However, when there are two or more instances of the greatest or lowest elements of the array, and their index positions are adjacent to each other, I believe only the first instance of this value is removed and the flow skips over the second instance.
Is there any way to have the loop run through the same index value twice in order to process adjacent greatest or lowest values?
Here are the two iterations of my solution which I've tested.. my original attempt using .forEach and my second using a for loop.. I've console.logged a situation in which the code works and in which it doesn't for each attempt.

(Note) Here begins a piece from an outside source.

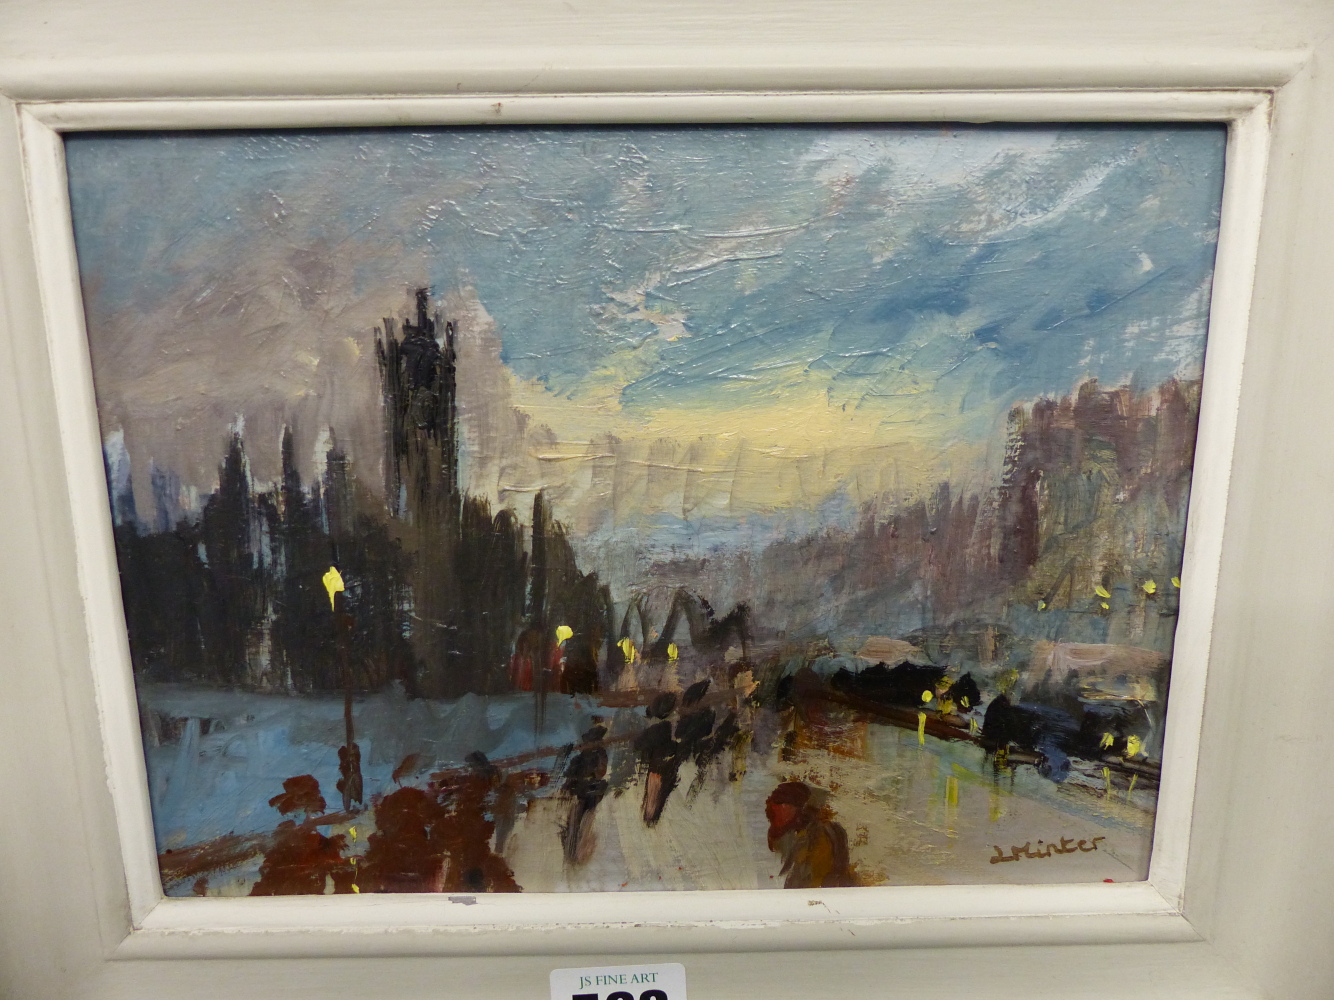 LYNDA MINTER (20TH/21ST CENTURY), CITY VIEW AT NIGHT, SIGNED, OIL ON CANVAS, 22.5 x 16.5cm. - Image 2 of 6

I'm really new to all this, almost a month of learning in my free time so explaining yourself as if I'm really dumb is appreciated. Thanks!!!

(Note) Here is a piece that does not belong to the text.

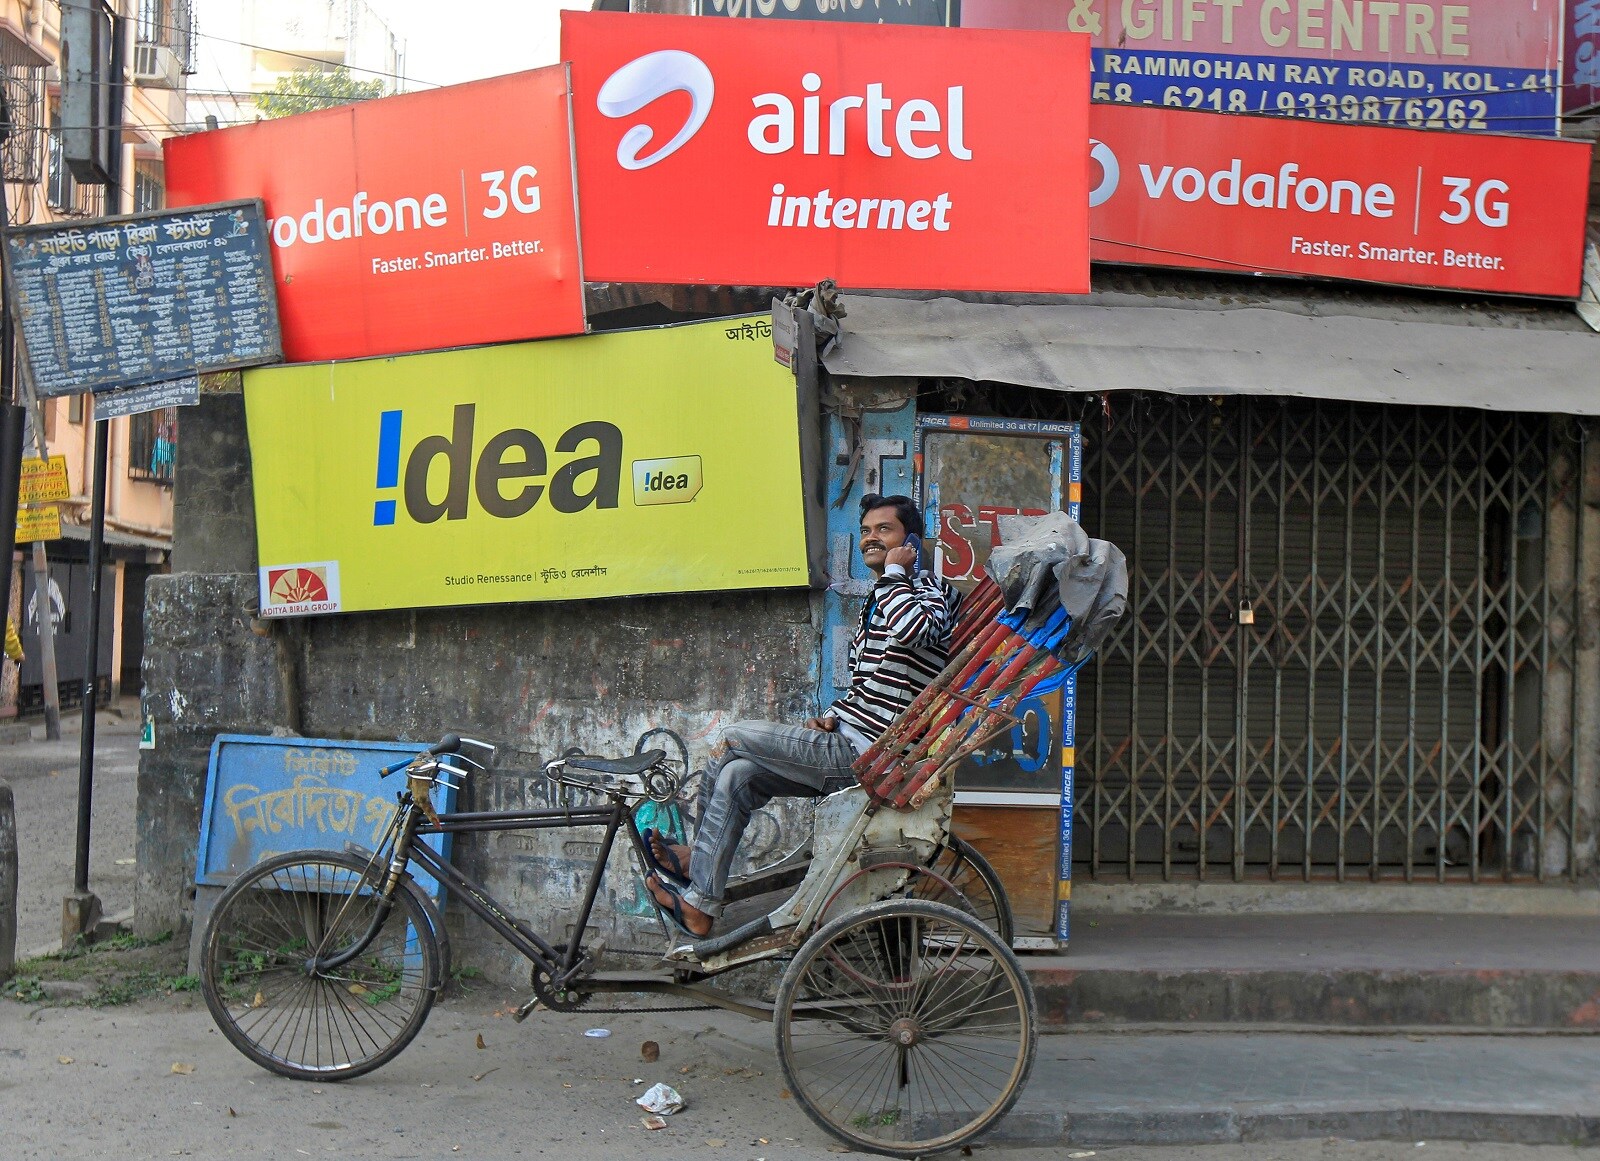  Telecom stocks  | Bharti Airtel and Vodafone Idea lost around 47 lakh mobile customers each in May. The total wireless customer base of Airtel and Vodafone Idea fell to 31.7 crore and 30.9 crore, respectively.

// * First attempt - using .forEach method *
// outputs the second lowest value in the array
function secondLowest (arr) {
var g = function () {
return Math.min.apply(null, arr);
}
arr.forEach(function (val, indx, arr) {
if (val === g()) {
arr.splice(indx, 1);
}
});
lowestVal = g(); // store this value to be added back in for the secondGreatest function (in case there were only two digits in the arr argument)
return Math.min.apply(null, arr);
}
// number trimmed from the array in the function secondLowest..
// to be added back in for the function secondGreatest
var lowestVal = 0
// adds back the lowest value which was trimmed..
// outputs the second greatest value
function secondGreatest (arr){
arr.splice(0,0,lowestVal);
var g = function () {
return Math.max.apply(null, arr);
}
arr.forEach(function (val, indx, arr) {
if (val === g()) {
arr.splice(indx, 1);
}
});
return Math.max.apply(null, arr);
}
// putting together the output
function SecondGreatLow (arr) {
return secondLowest(arr) + " " + secondGreatest(arr);
}
console.log(SecondGreatLow([1,2,3,4,5]));
console.log(SecondGreatLow([1,1,2,2,3,3,4,4,5,5]));
// * Second attempt - using for loops *
// outputs the second lowest value in the array
function secondLowest (arr) {
var g = function () {
return Math.min.apply(null, arr);
}
lowestVal = g();
for (var i = 0; i < arr.length; i++) {
if (arr[i] === g()) {
arr.splice(i, 1);
}
}
return Math.min.apply(null, arr);
}
// number trimmed from the array in the function secondLowest..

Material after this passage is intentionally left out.